Intracranial Myopericytoma/Myofibroma (Haemangioperycitoma) in Pediatric Patient: an Exclusive Case Report with Differential Diagnosis in Meningoangiomatosis and DNET

 

Case Report: A 13-year-old girl with no known illnesses suffered a four generalized seizure 10 months prior to performed a surgery on the brain. After 6 months that the girl suffered generalized seizures she beguns partial seizures in the upper right member. Treatment was begun with antiseizure medications after 1 month of seizures with phenytoin 100 mg three times per day. The MRI report was suggestive of lesions with neuroglial origin, being DNET (neuroepithelial dysemblioplastic tumor) and Ganglioglioma or Gangliocitoma the most probable. A left frontal craniotomy was performed and the soft tumor resected. The tumor was intraaxial with no involvement of the overlying dura or falx. Primarily, histopathology showed a highly cellular and vascularized lesion fragment composed of epithelioid and spindle cells with discrete atypia. All these findings suggest the diagnosis of cerebral meningioangiomatosis (MA). There was diagnostic doubt and the material was sent to University of California, San Francisco, USA. The morphologic and immunohistochemical features support the diagnosis of a spindle cell neoplasm within the meninges. We favor a perivascular type of myogenic tumor such as myofibroma or myopericytoma, given the cytology and strong SMA positivity.

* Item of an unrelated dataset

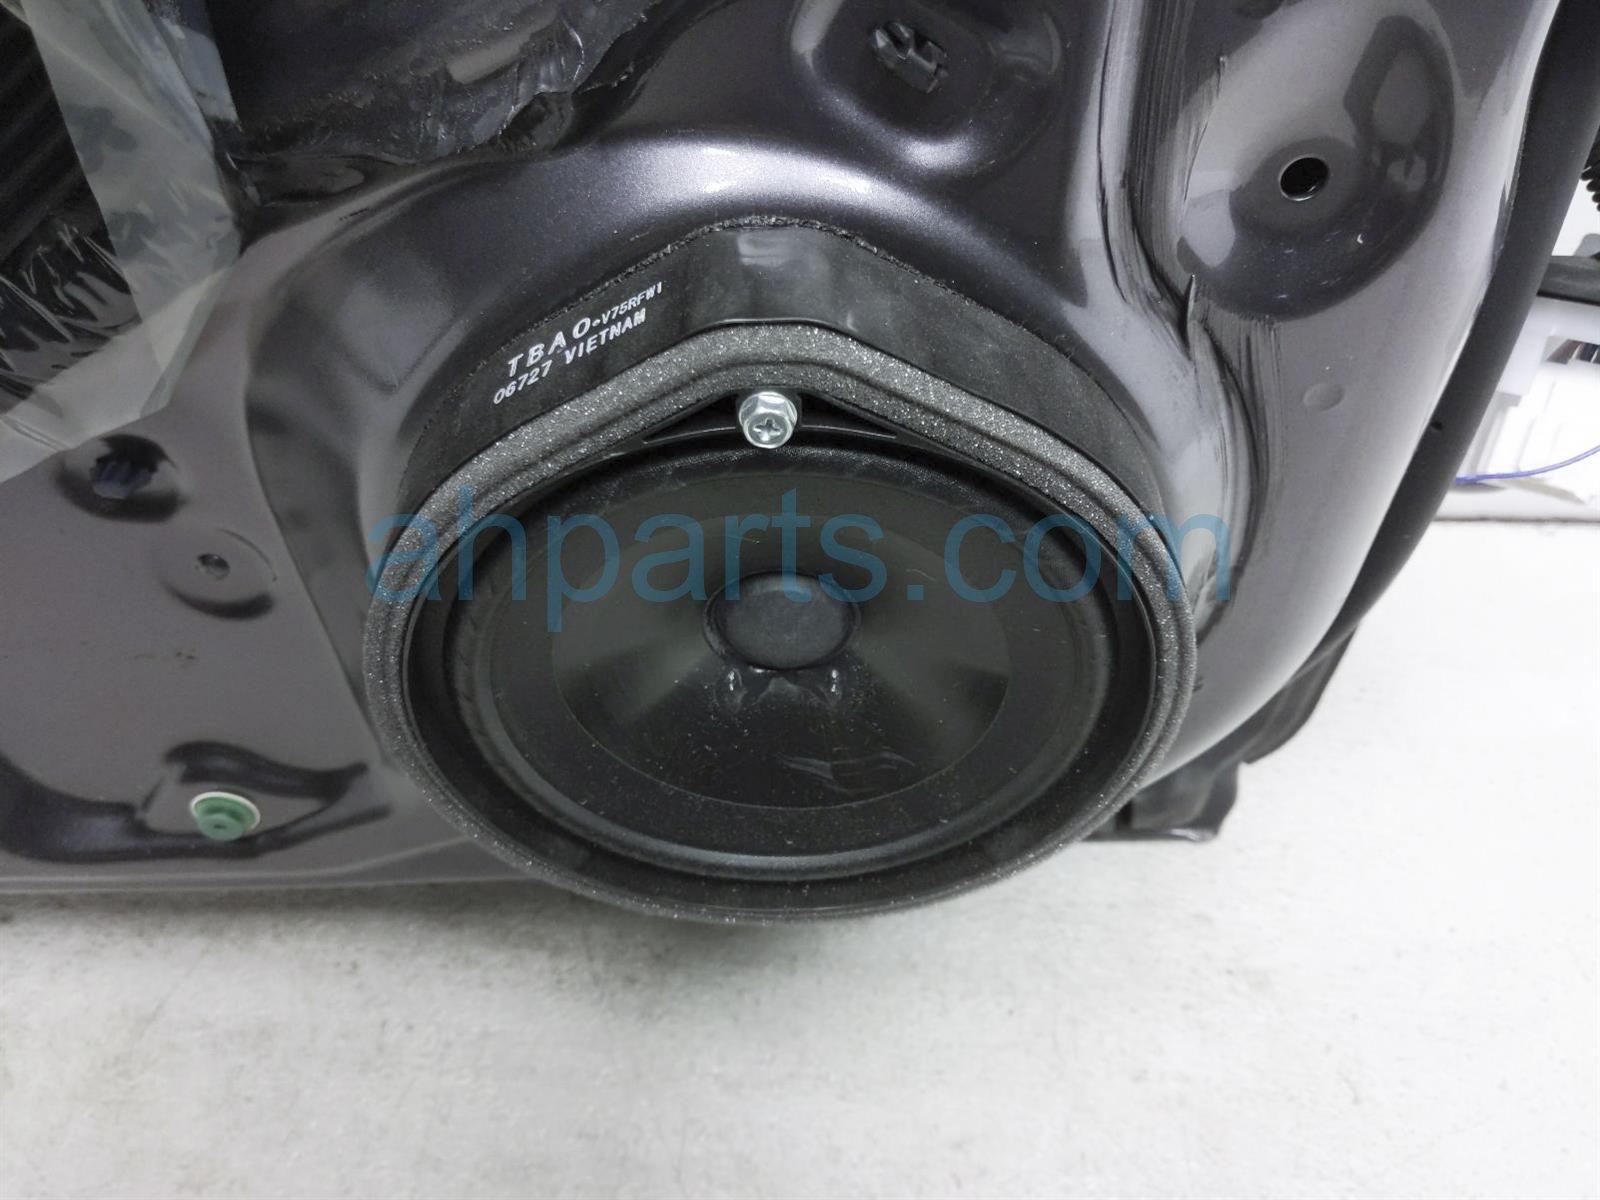 2018 Honda Clarity Front Driver Door   Grey   No Mirror/panel 67050 TRT A91ZZ Replacement

Discussion: Myopericytoma is a rare tumor, derived from perivascular myoid cells, which mainly affects soft tissues. With few reports of its occurrence in the central nervous system, its origin, morphology and physiopathological behavior are current challenges for neurosurgery and neuropathology. One of their descriptions by Granter et al. In 1998 reports that this tumor is part of a spectrum of tumors with perivascular myocyte differentiation including myofibromas, glomangiopericytomas and angioleiomyomas. Although some characteristics of the tumor point to the diagnosis of meningioangiomatosis, the immunohistochemical study defines the lesion as a spectrum that includes the possibility of a myofibroma or myopericytoma, suggesting clinical follow-up of the patient.

Conclusion: We present the description of an intracranial myofibroma/myopericytoma (hemangiopericytoma) in the pediatric range. This case also showed the extreme importance of a detailed histopathological and immunohistochemical study for the diagnostic approach, since the macroscopic and radiological aspects of the lesion can lead to a range of differential diagnosis.